A Montablanc de escrita grossa oferecida pelo amigo e poeta Jorge Sousa Braga entendia-se melhor com a Lua, num ritmo marcado pela chaga regular da hemodiálise. Dupla pressão para um coleccionador de Parkers de tinta permanente desde os tempos do liceu, que vivia rodeado pelas bolas de pêlo humano dos gatos. Pressão aplacada pela cigarrilha, que se aninhava na mão esquerda com subtil desprezo pelos lábios. “Não sei travar o fumo nem quero aprender. O meu vício nem é de boca, é dedos”, confessou-nos em tempos a propósito do seu método de escrita, pleno de truques manuais e arcaísmos nostálgicos, quando a brevidade do telefonema em nada encurtou a sua música amena. “McLuhan disse que o ritmo da máquina de escrever é o mais próximo da improvisação do jazz, ao passo que o ritmo da escrita tradicional é mais próximo da sinfonia.”
Não é preciso ser bom homem para ser bom poeta, mas quando o maestro concerta virtudes o público aplaude com estrondo. “Privando com ele conseguíamos distinguir o que é autêntico do que é uma imagem construída. A rodagem será uma das experiências mais gratificantes que tive na profissão. Pelo extraordinário ser humano que o Pina era”, acrescenta o realizador.
“TRABALHAR COM PALAVRAS” Muito material captado por Ricardo Espírito Santo ficou de fora do documentário que a RTP voltará a exibir sobre o beirão nascido no Sabugal, a 18 de Novembro de 1943, que aos 17 anos foi adoptado pelo Porto, depois de uma infância em constante mudança, que o levou a passar pela Sertã e por Oliveira do Bairro, à boleia da profissão do pai, chefe de Finanças e juiz das execuções fiscais. Licenciado em Direito pela Universidade de Coimbra, em 1971, Manuel António Pina exerceu a advocacia, mas trocou-a pelo ofício das palavras, acumulando ainda no currículo empregos na publicidade, nas Contribuições e Impostos, nos inquéritos de rua, numa agência de informações comerciais, na Comissão dos Vinhos Verdes, nas vendas e nas aulas de Português, recuperando as lições dos seus mestres das aulas de Literatura, como Paulo Quintela e Vítor Aguiar Silva, que levavam a melhor ao protagonismo das leis.
Chegou às redacções com o “Jornal de Notícias”, em 1971, ainda a cumprir o serviço militar, diário onde chegaria a editor, e onde publicou até Agosto deste ano.
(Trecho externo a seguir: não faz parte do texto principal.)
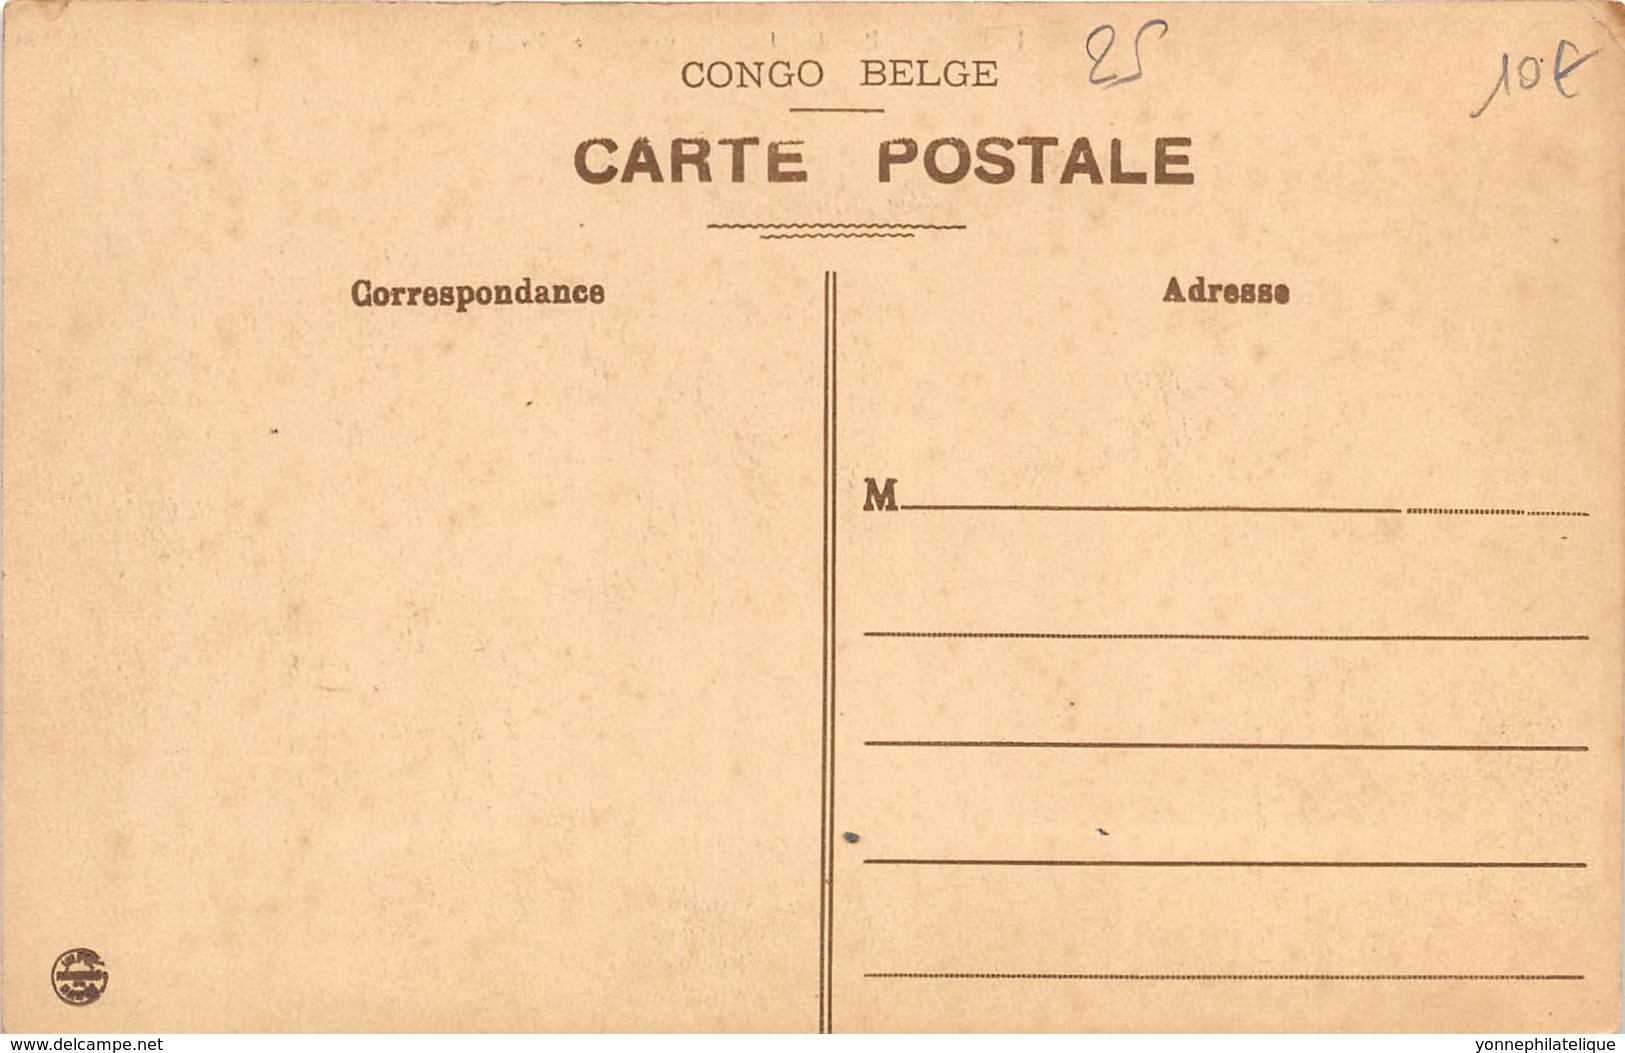 Congo -  Leopoldville / 25 - Avenue De L' Evêché - Kinshasa - Leopoldville
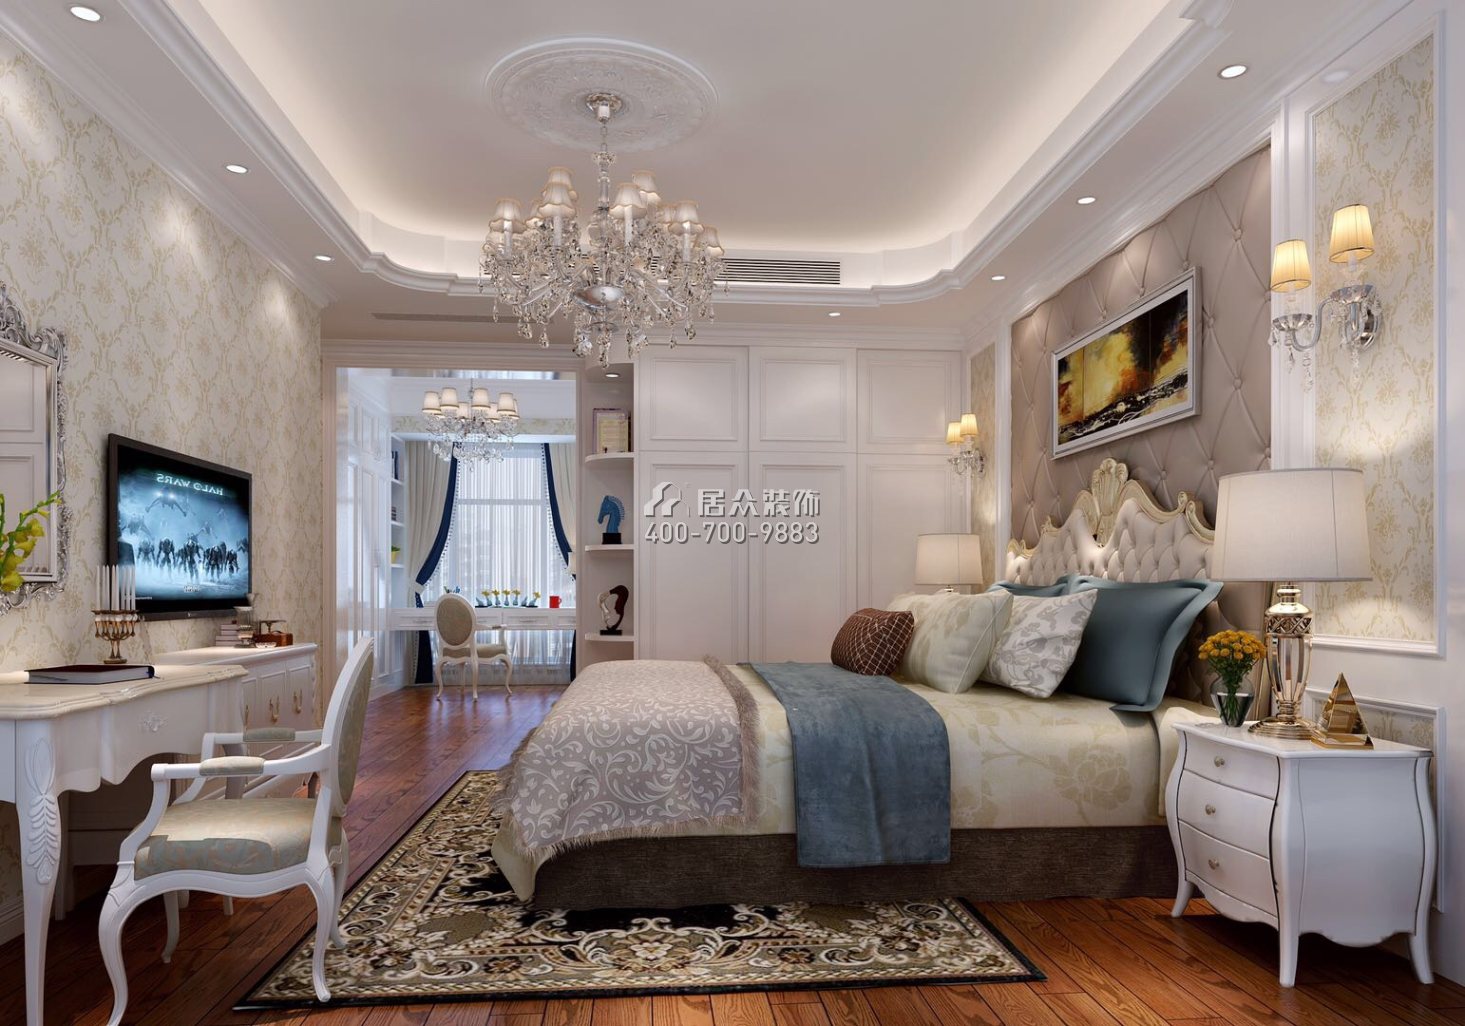 松茂御龍灣雅苑一期160平方米歐式風格平層戶型臥室裝修效果圖

Desabafos críticos que incluíam sempre poesia, aqui sem concessões a lirismos. “A vontade que tenho era pôr um cinturão de bombas e rebentar com essa malta toda”, confessou em entrevista ao i, em Fevereiro deste ano.
É caso para recordar o título do seu primeiro livro de poesia, que começou a escrever em 1965 e foi publicado em 1974: “Ainda não É o Fim nem o Princípio do Mundo Calma É apenas Um pouco Tarde”.
Os versos chegaram às estantes a tempo. Os primeiros ensaios recuam à criatividade dos seis anos, que a mãe se encarregou de guardar. Era miúdo, como muitos eram quando se cruzaram com os seus livros para a infância e a juventude, como “O País das Pessoas de Pernas para o Ar” (1973), “Gigões e Amantes” (1978), “O Pássaro da Cabeça” (1983), “O Inventão” (1987), ou “Histórias Que Me Contaste Tu” (1999). Quando cresceram, esses leitores não ficaram órfãos de irmãos. Pina pô-los a eles e a nós a imaginar pontos de fuga para os seus labirintos de trocadilhos, guiados por um “eu” que teimava em estilhaçar-se, a partir de motes como “Nenhum Sítio” (1984), “Um Sítio Onde Pousar a Cabeça” (1991), “Algo Parecido com Isto da mesma Substância” (1992), “Farewell Happy Fields” (1993), “Cuidados Intensivos (1994), “Nenhuma Palavra e Nenhuma Lembrança” (1999), ou “Os Livros” (2003).
Ficam ainda as novelas e os ensaios, bem como os textos dramáticos representados por grupos e companhias de teatro de todo o país. A sua ficção serviu de base a alguns programas de entretenimento televisivo e algumas das suas obras foram editadas em disco. Em 2002, com a publicação de “Atropelamento e Fuga”, recebeu o Prémio da Crítica, atribuído pela Secção Portuguesa da Associação Internacional de Críticos Literários, ao conjunto da sua obra poética.
“Sempre foi minha intenção fazer um DVD com os conteúdos extraordinários que ficaram de fora. Passando esta ressaca, irei organizá-los. Há ali tesouros valiosos que merecem ser públicos.” Promessa de Ricardo Espírito Santo. Enquanto não chegam estas imagens, ficamos com as outras, como o começo de “Algumas Coisas”: “A morte e a vida morrem/e sob a sua eternidade fica/só a memória do esquecimento de tudo/também o silêncio de aquele que fala se calará.”